The National Association for Music Education Connect #11 standard asks students to consider how the experiences of a composer might be heard in a composition. In other words: How can music, without lyrics, be autobiographical? A famous example is Beethoven's Symphony No. 6, or Pastoral. Beethoven drew inspiration from long walks in the countryside. In the Pastoral, he sought to describe that inspiration, and even titled the movements as if they were chapters in a book: 1) Cheerful Feelings on Arrival in the Countryside,” 2) “Scene by the Brook,” 3) Merry Gathering of Country Folk,” 4) Thunder, Storm,” and 5) Shepherd’s Song After the Storm.” You can hear all by following the links.  The movements are represented below by five Smithsonian artworks. Students might match the pictures to the movements, or might choose their own pictures on this site. For info on these, click the pictures or the text box to the right of the rightmost picture.

Smithsonian Center for Learning and Digital Access

Picturing Musical Forms: AB and ABA

The National Association for Music Education General Music standard asks grades 6-8 to show familiarity with AB (binary) and ABA
(ternary) forms in composition. An example of a composition in AB form is the saraband. Commonly given examples of ABA are the
minuet and a certain kind of rondo. Below are three Smithsonian objects that might help students imagine those forms. The first
first is a print titled Sarabande. The second is a 1920s Viennese textile design called Menuett (Minuet).  The third is a painting titled
Rondo. Show the works toillustrate a discussion of the musical forms. Or, after a discussion, work together to deduce which of the pictures
is the "saraband," which the "minuet," and which the "rondo." For a few thoughts, see READ MORE or click the text box ↙or the pictures.

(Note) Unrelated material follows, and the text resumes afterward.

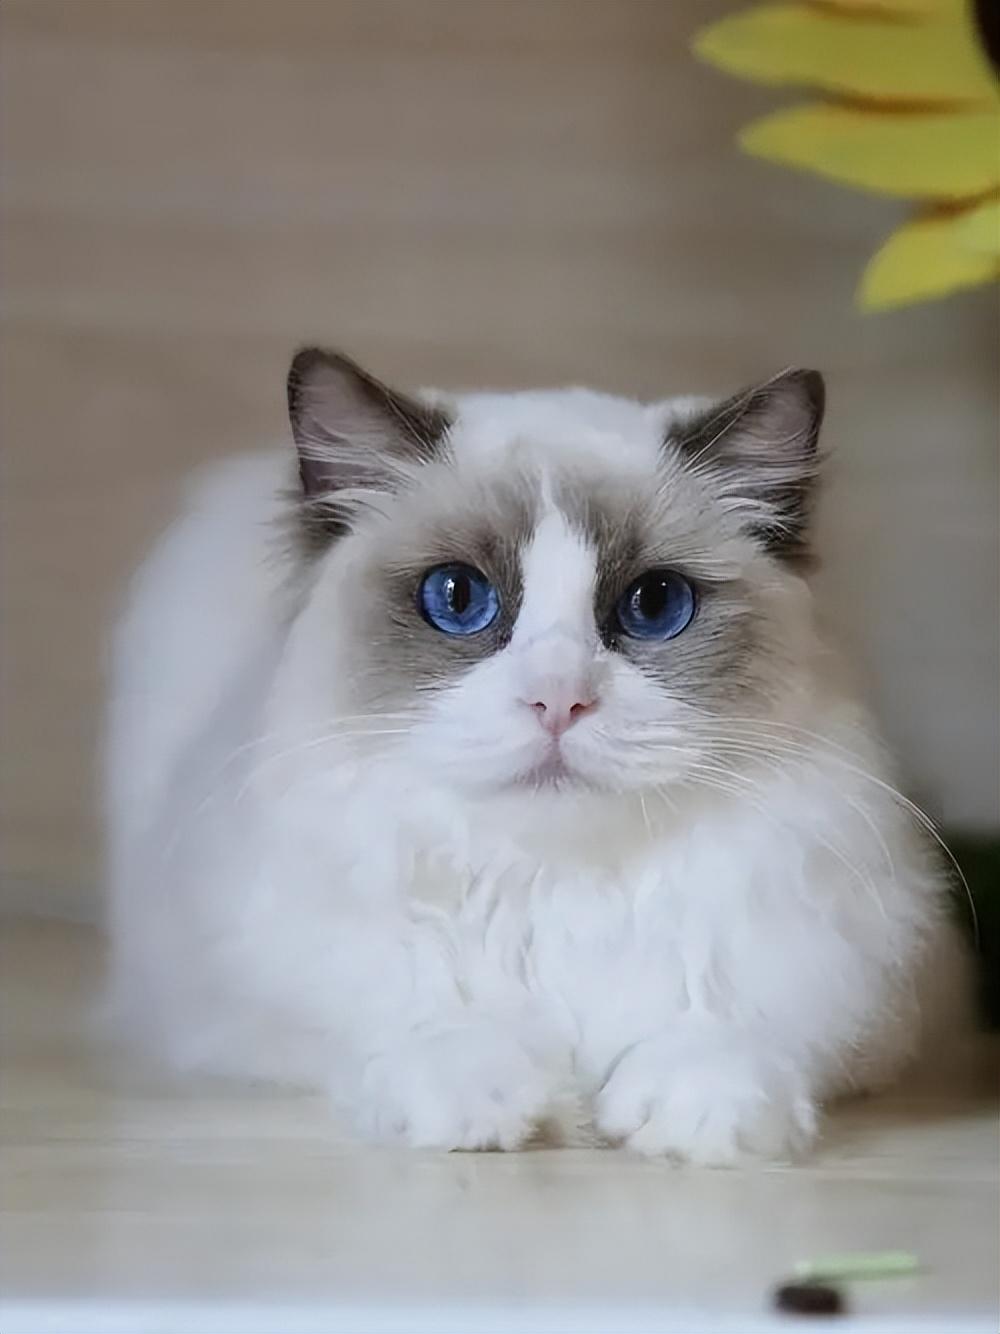 蓝双布偶猫图片大全,蓝双布偶猫高清壁纸

The artwork titled Sarabande is by Caroline Stone (b. 1936). The Smithsonian American Art Museum describes it as an abstract allegory of musicpresumably an allegory of the saraband (or sarabande). Do students see in this work a relationship between an A and a B?  What is the relationship between the violet squares and the tan squares?  Or the two squares that cross as they recede?

In the AB musical form, wrote Aaron Copland, "there is a general correspondence between the first and second parts. The A and B seem to balance one another; B is often little more than a rearranged version of A."

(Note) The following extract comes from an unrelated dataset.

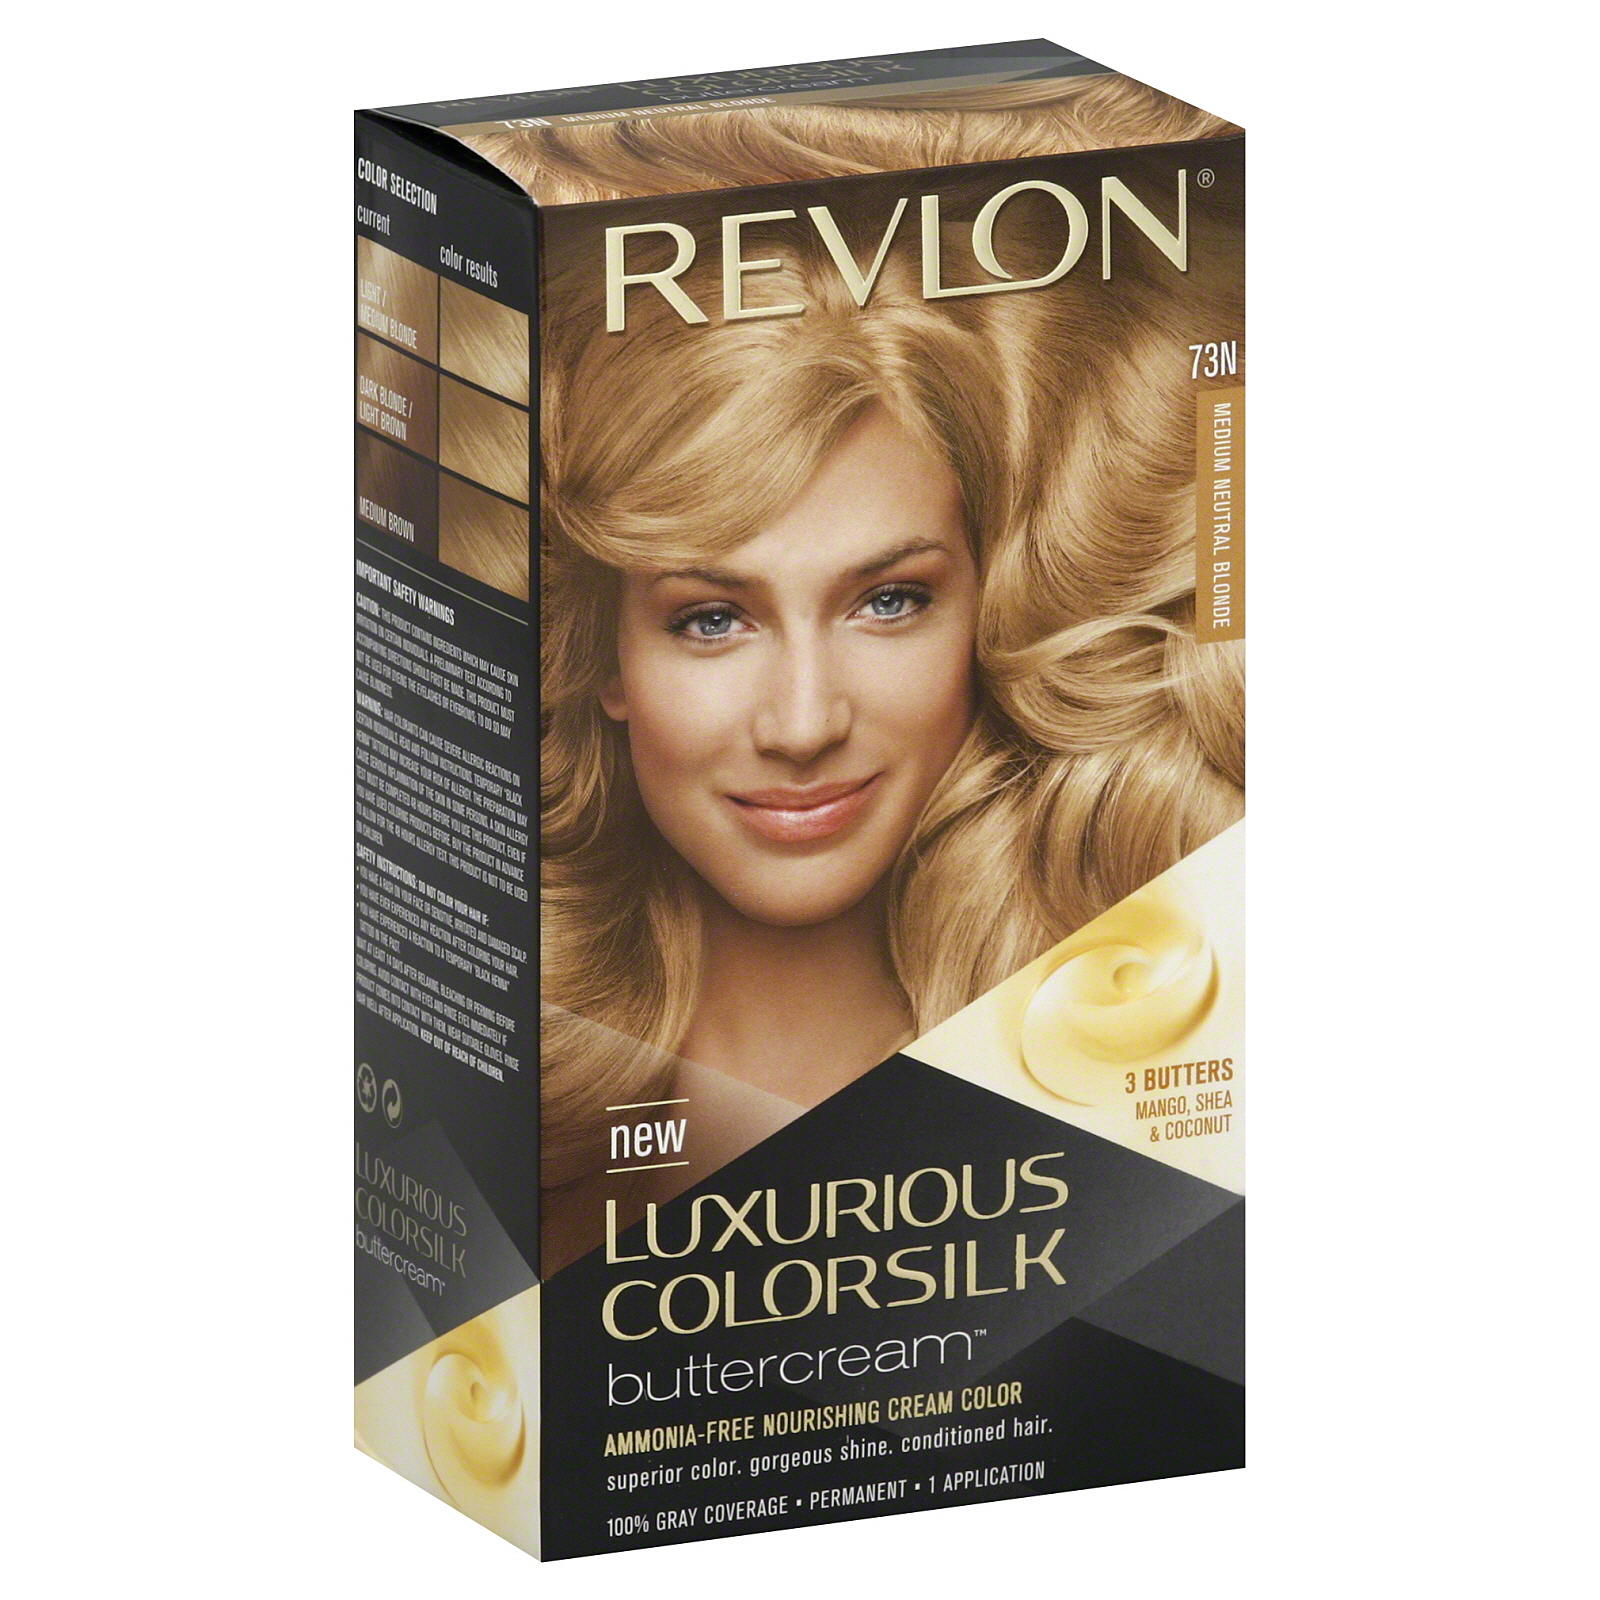 Revlon Luxurious ColorSilk Buttercream Permanent Hair Color

An examples of a saraband in public domain is one in Johann-Sebastian Bach' s Cello Suite No. 1, performed by Pablo Casals. Do students hear a mere restating of the A in the B, or do they hear a development of A in the B? Do they see mere repetition of the squares in the artwork, or do they find some kind of development?


The minuet began as a dance—the most familiar courtly dance of the eighteenth century. The dancing couples moved along a predetermined route making alternating patterns, first the form of an S, then in the form of a Z. The Minuet fabric here is described by the Cooper Hewitt, Smithsonian Design Museum, as a pattern of "alternating fleurettes and curly cues and dots."

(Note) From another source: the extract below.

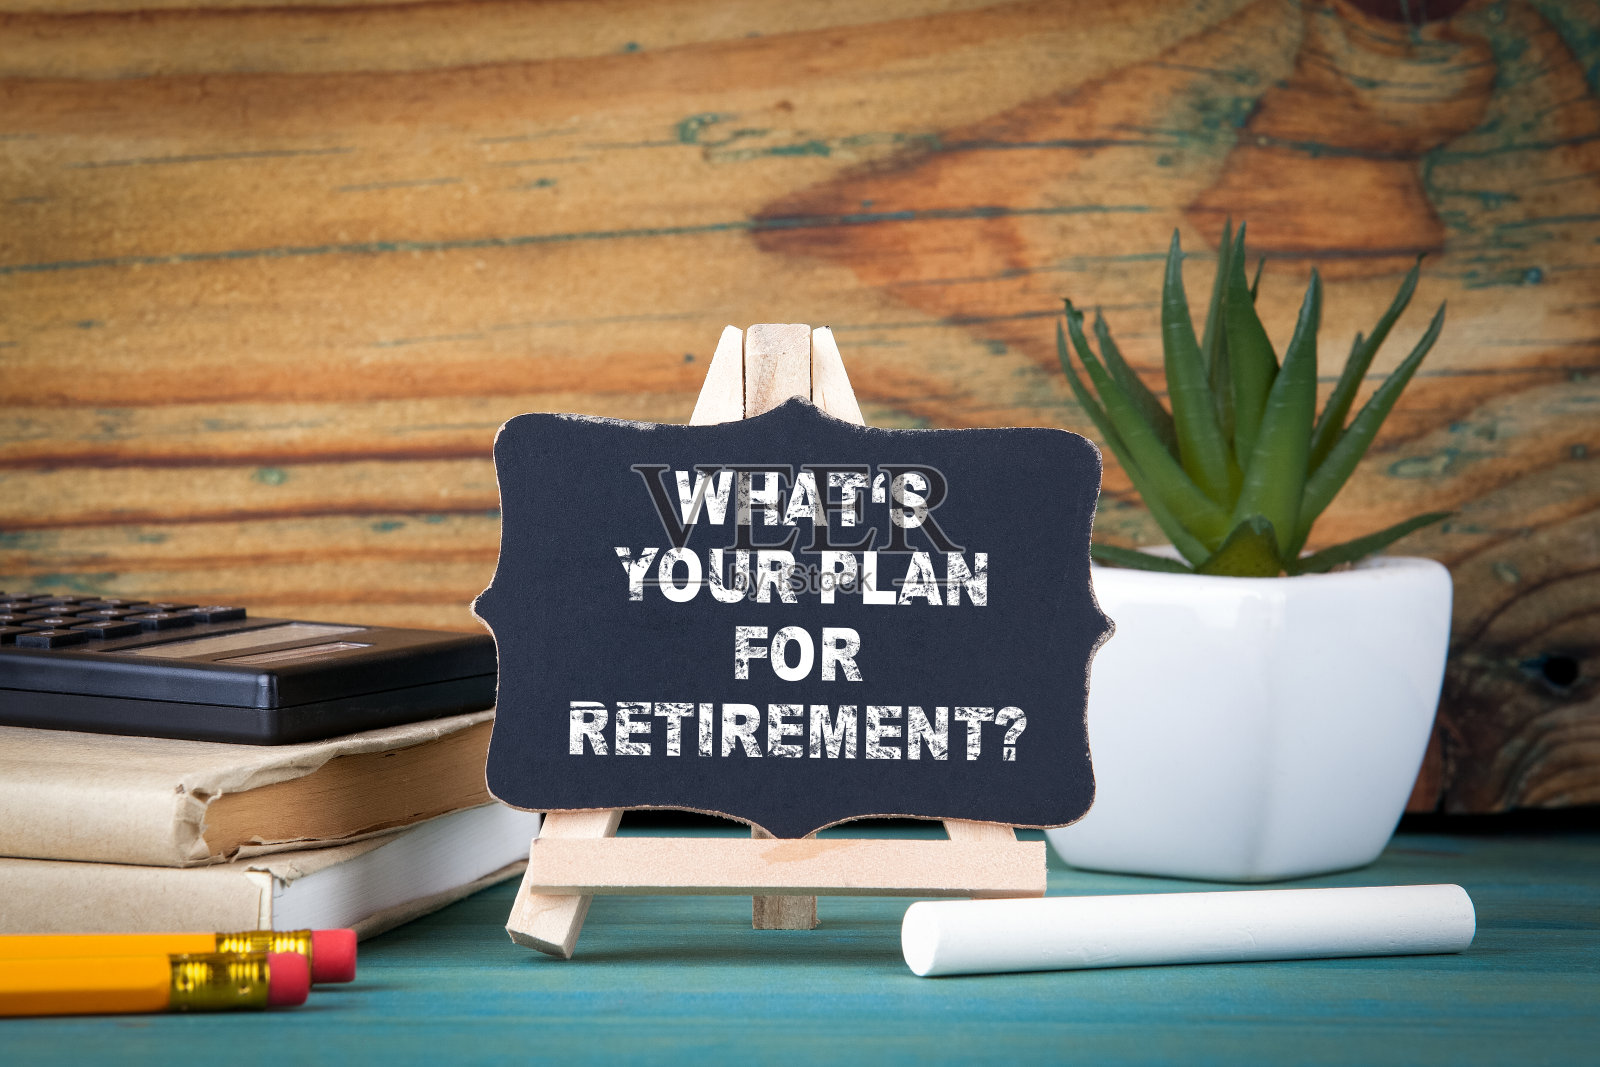 你的退休计划是什么?小木板和粉笔在桌子上照片摄影图片

In each case, the minuet of the design and the minuet in music, the A and the B are two different things. S then Z then S again. Fleurette then curly cue then fleurette again.  ABA.

Minuets in the same Bach cello suite, performed by John Michel, are also in public domain. Do students hear mere repetition? Or, again, do they hear developments in the ABA pattern?

This might lead to questions of the different ways that pattern is used in music and in design. The fabric design was perhaps for a wallpaper. Is it the function of wallpaper to challenge us with interesting new developments in the pattern? Do we follow wallpaper, as if it were a story?

By the same token: How long can we stay interested in music with a wallpaper-like pattern?


The painting Rondo (Blue and Yellow) is a 1965 acrylic on canvas by Carmen Herrera, in the Hirshhorn Museum. The first clue that this is the rondo may be the round framing: rondo is Italian for "roundabout," and the musical term rondo refers to a circular returningwhat goes around comes around. In its simplest form, a rondo is an ABA. Composer have however built upon the form to take us farther steps away from A before we return to A. Some rondos, for example, are in the form ABACAA.

In the painting, it seems, A and B are represented by the colors yellow and blue. Students might consider: Is the painting's rondo an ABA?

A commonly given example of a rondo in music s the final movement of Beethoven's Piano Sonata No. 8, the Pathetique, Students might listen to decide if Beethoven's rondo is an ABA. If they hear something more complex:

How might the painter have made the rondo more like Beethoven's?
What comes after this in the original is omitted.